I hope to be at the AGM this year as I am heavily invested here at ENQ, keen to meet the management and hopefully get a better feel for their direction and strategy.
Looking forward to the imminent update at just a couple of weeks away and seeing some hard figures for FCF and debt reduction over the last couple of months.
I wish ML would get on with these purchases, if the sp starts climbing they may be limited and we want to get the first 25m shares out of the way. The sp was down yesterday, they should have been buying a boat load!
Sek, yep, understand your point, but this tax is not applied to all businesses, so why can't a minority that is suffering punitively challenge the government? If the tax is based on the making of excessive profits, where are these profits? Why does this tax not allow for all tax losses, other businesses are allowed? I am sorry, sovereign or not, EPL is unfair and has disrupted the market and is damaging the UK economy. If it cannot be challenged, personally, I would de-list from the UK stock market and list elsewhere, still have to pay EPL but the UK Government would not benefit from other future tax revenue.
I hope they (NS O&G companies) start making noises about a legal challenge a.s.a.p. The companies should all get together (even through the trade association) and put some money in a pot for a legal challenge. Such a challenge may even help the sp if people believed it might be successful. Any successful challenge would have a massive positive impact on the sector whether from increased profits, reserve valuations and economic stability/environment perspectives.
ENQ in the low 15p and Brent up at $89.59, we should be having a decent bounce purely based on the Brent price, but nothing, plus volumes have been very low. I cannot understand why the analysts are not issuing or reiterating targets. It seems that ENQ and NS O&G have fallen off the radar. I just hope that ENQ's ridiculously low valuation represents a coiled spring that will eventually fire the sp upwards. I can't remember owning a share that has been so incredibly undervalued, particularly given the level of debt reduction - why does the sp not reflect the ENQ's net asset value and FCF?
Jan, I know this half million trade would normally be a UT and appreciate your responding. I was surprised that there should be such a large UT on such a low volume day, hence my wondering if it were a buyback trade. Thank you for putting me straight.
Topped up again, if Brent holds at the $86-88 range or higher, then the sp will surely rise into the next update, backed up by buybacks - I wonder if the late almost half million trade was the start of the buybacks. I assume ENQ will want to get a couple of purchases and then RNS to say they have started buybacks.
It appears the Arms Industry is about to have its own windfall moment, so I look forward to EPL being applied to any excessive profits!?!

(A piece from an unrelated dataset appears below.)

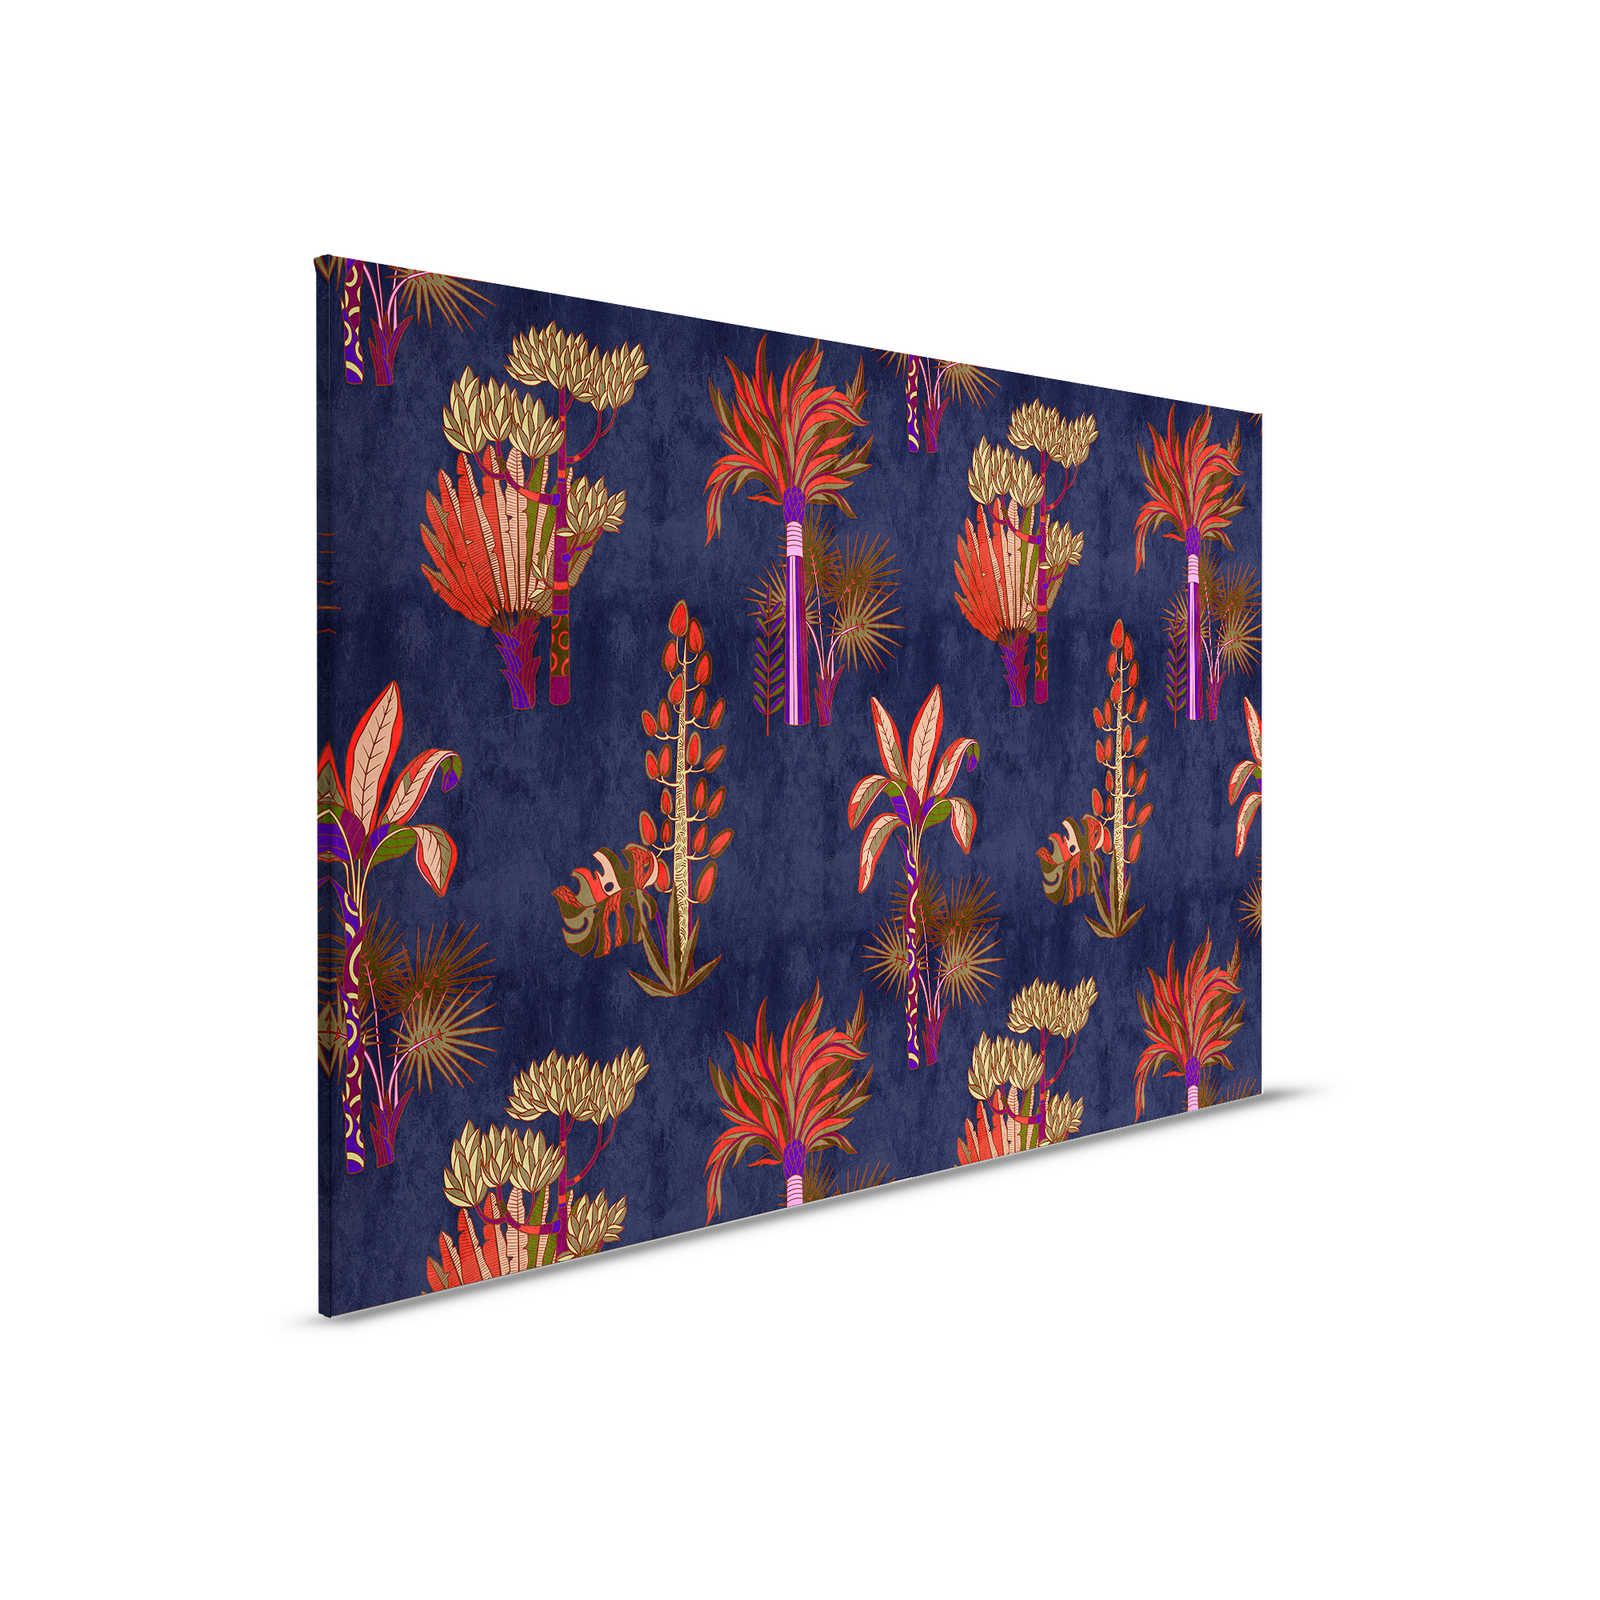 Lagos 2 - Palm trees canvas picture African Sytle in bright colours - 0,90 m x 0,60 m

Back to ENQ and EPL, when is the government going to announce the new EPL baseline figures?? Any increases should help a very little to underpin share prices of NS O&G's.
About time - a few more positive broker targets would be helpful and over due in my opinion.
Sp performance has been dismal considering Brent is well above $88.
Just a month to the next update and in the meantime the price of Brent, buybacks, positive broker targets should all play into a higher sp, even in the absence of any other positive news. Plus AGM at the end of May.
I have been averaging down since the EPL (35%) news and only see this depressed ENQ sp which is barely off the bottom as the last remaining buying opportunity at these levels. 33p today would be amazing but I think this target will be surpassed over a two year timescale.
Interesting article and I particularly liked this paragraph, I had not realised that the figures quoted for gas powered electricity had such a large proportion of tax included as a opposed to the subsidies in renewables.
"The offered price for large scale solar at £84/MWh is more than twice that quoted by Newkey-Burden in the National Grid sponsored article. In fact, the prices offered to all renewable technologies are more than twice those in the Generation Cost report. Third, the £114/MWh price quoted for gas includes an assumed £60/MWh in carbon taxes, meaning the real cost of gas fired electricity is only around £54/MWh. Finally, these levelised costs of energy estimates do not include any allowance for the cost of backing up intermittent renewables, nor the extra costs to expand the grid to bring power from remote offshore locations to the source of demand. Moreover, the costs for existing renewables are even higher than those offered in AR6. Contract for Difference (CfD) strike prices for the year ending March 2024 were £173/MWh for offshore wind, £109/MWh for onshore and £106/MWh for solar, as per the LCCC.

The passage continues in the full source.